BoxTidwell.glm {glmtoolbox} | R Documentation |
Box-Tidwell transformations in Generalized Linear Models
Description
Computes the Box-Tidwell power transformations of the predictors in a generalized linear model.
Usage
## S3 method for class 'glm'
BoxTidwell(
object,
transf,
epsilon = 1e-04,
maxiter = 30,
trace = FALSE,
digits = max(3, getOption("digits") - 2),
...
)
Arguments
object |
an object of the class glm. |
transf |
an one-sided formula giving the quantitative predictors that are candidates for transformation. |
epsilon |
an (optional) numerical value. If the maximum relative change in coefficients is less than epsilon, then convergence is declared. As default, epsilon is set to 0.0001. |
maxiter |
an (optional) positive integer value indicating the maximum number of iterations. By default, maxiter is set to 30. |
trace |
an (optional) logical indicating if should the record of iterations be printed.
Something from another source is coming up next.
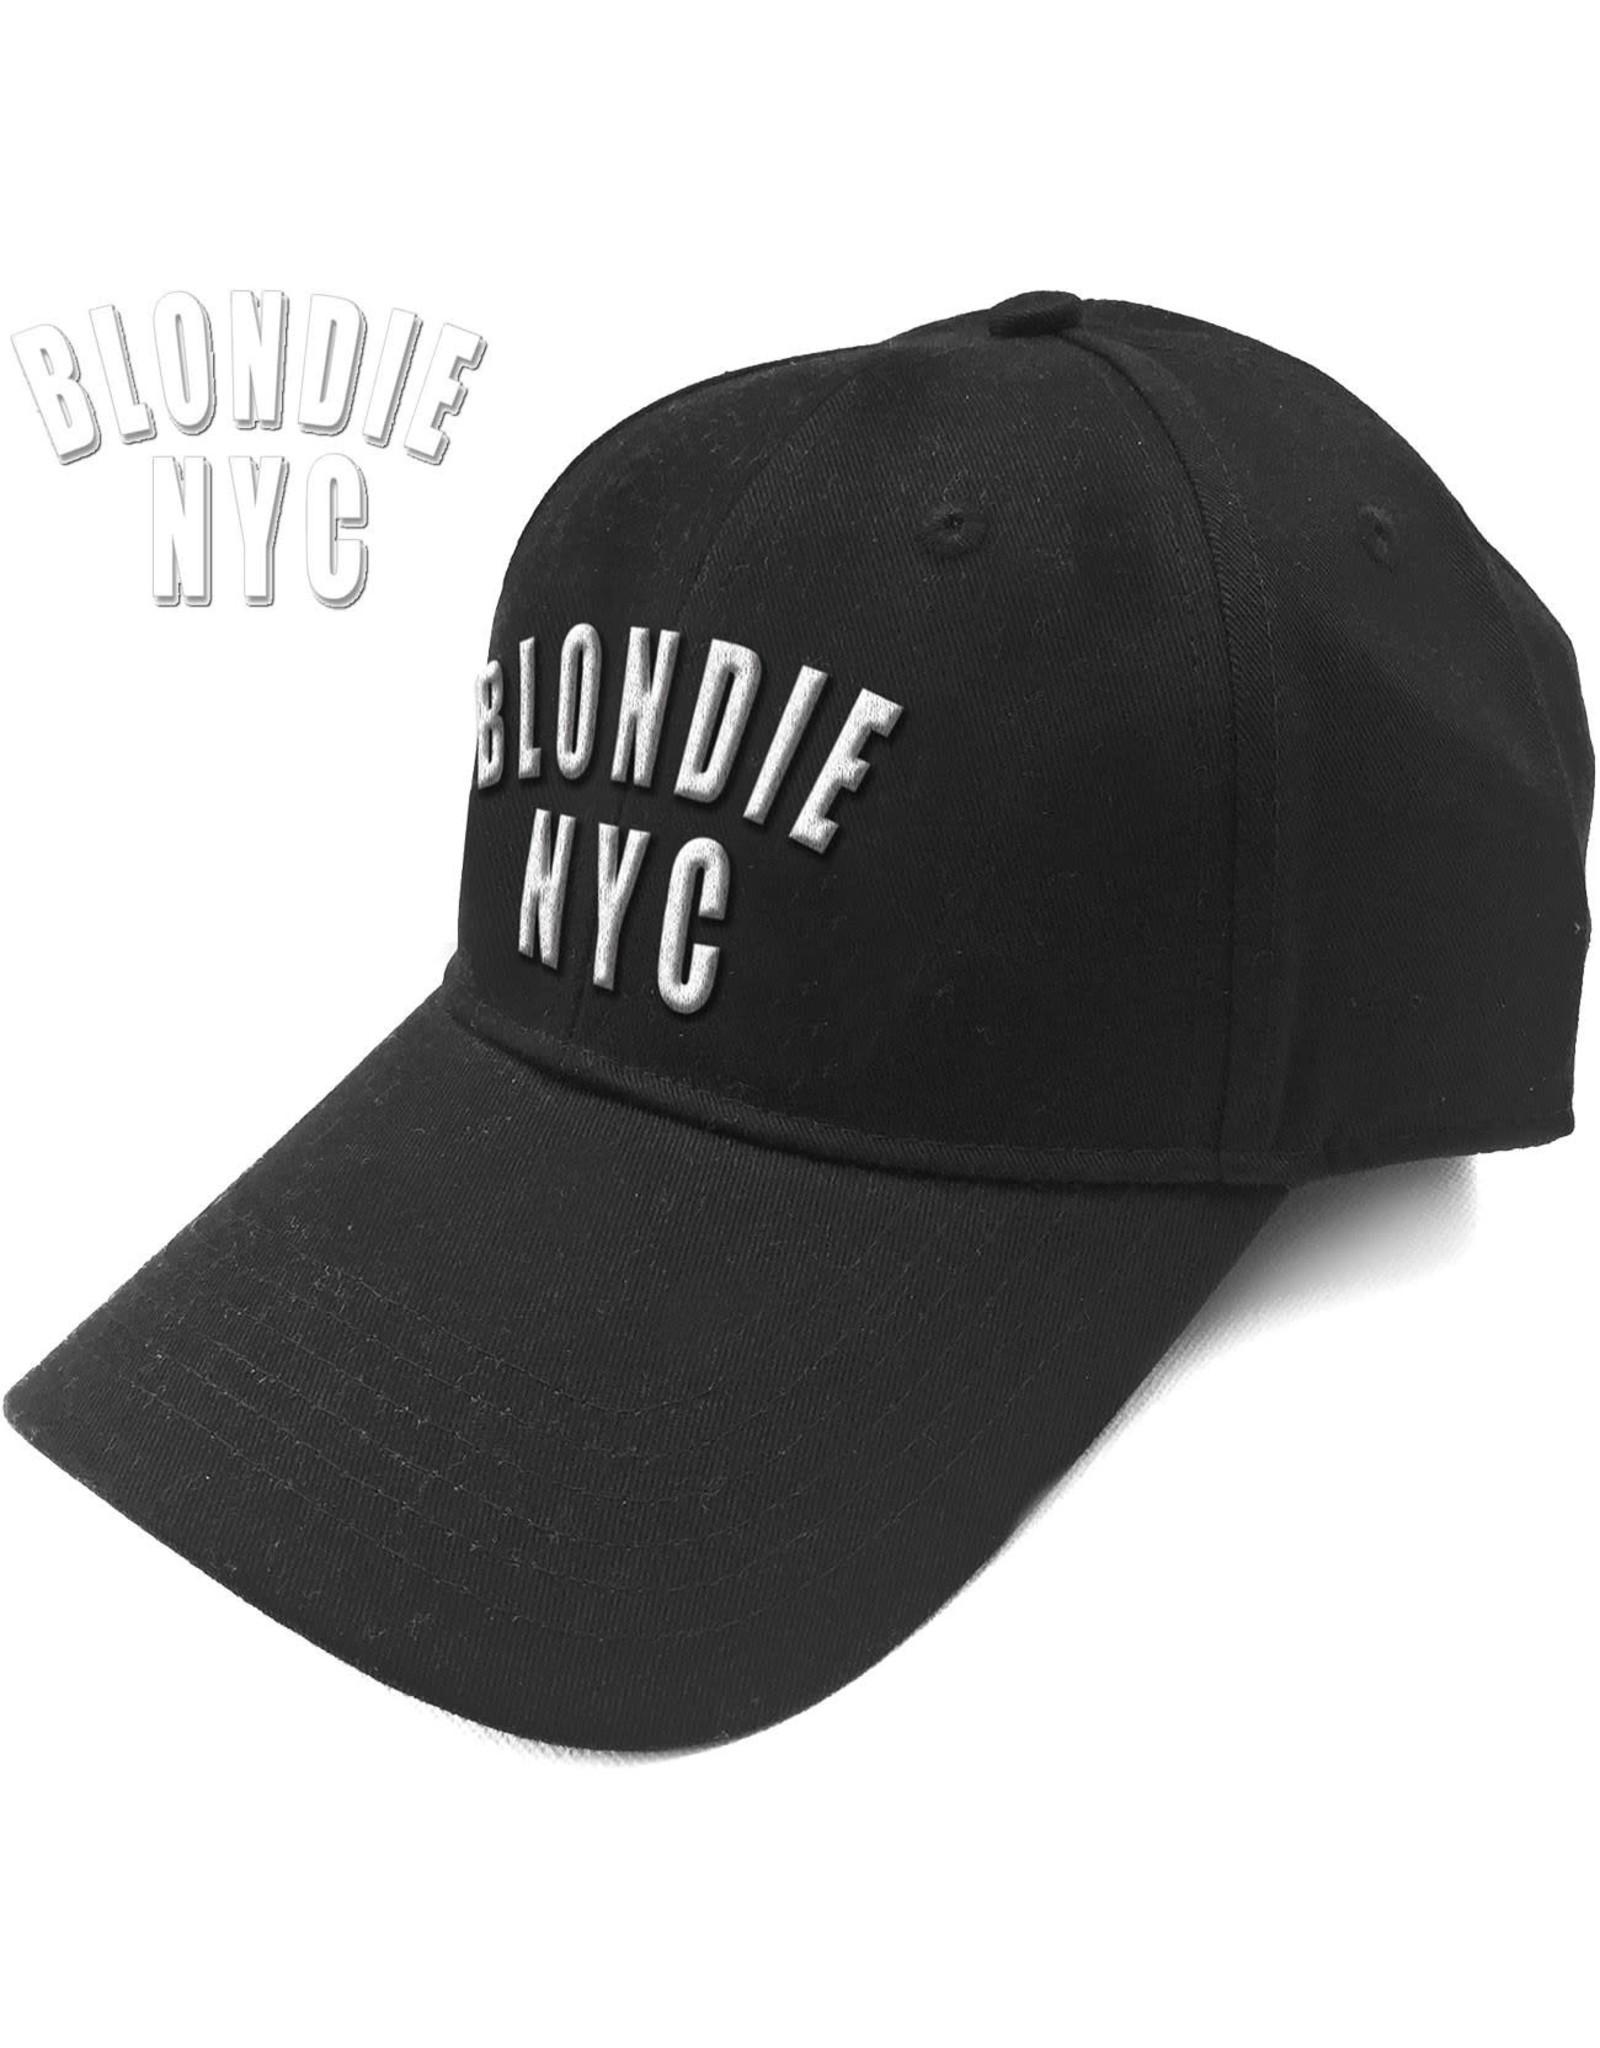 Blondie / NYC Baseball Cap

By default,
trace is set to |
digits |
an (optional) integer value indicating the number of decimal places to be used. |
... |
further arguments passed to or from other methods. |
Value
a list list with components including
marginal | a matrix with estimates, standard errors, and 95
and the p-value of the Wald test to assess the hypothesis H_0:\tau=1 versus H_1:\tau\neq 1 , |
omnibus | a matrix with the statistic and the p-value of the Wald test for null hypothesis that all powers are 1, |
References
Box G.E.P., Tidwell P.W. (1962) Transformation of the independent variables. Technometrics 4, 531-550.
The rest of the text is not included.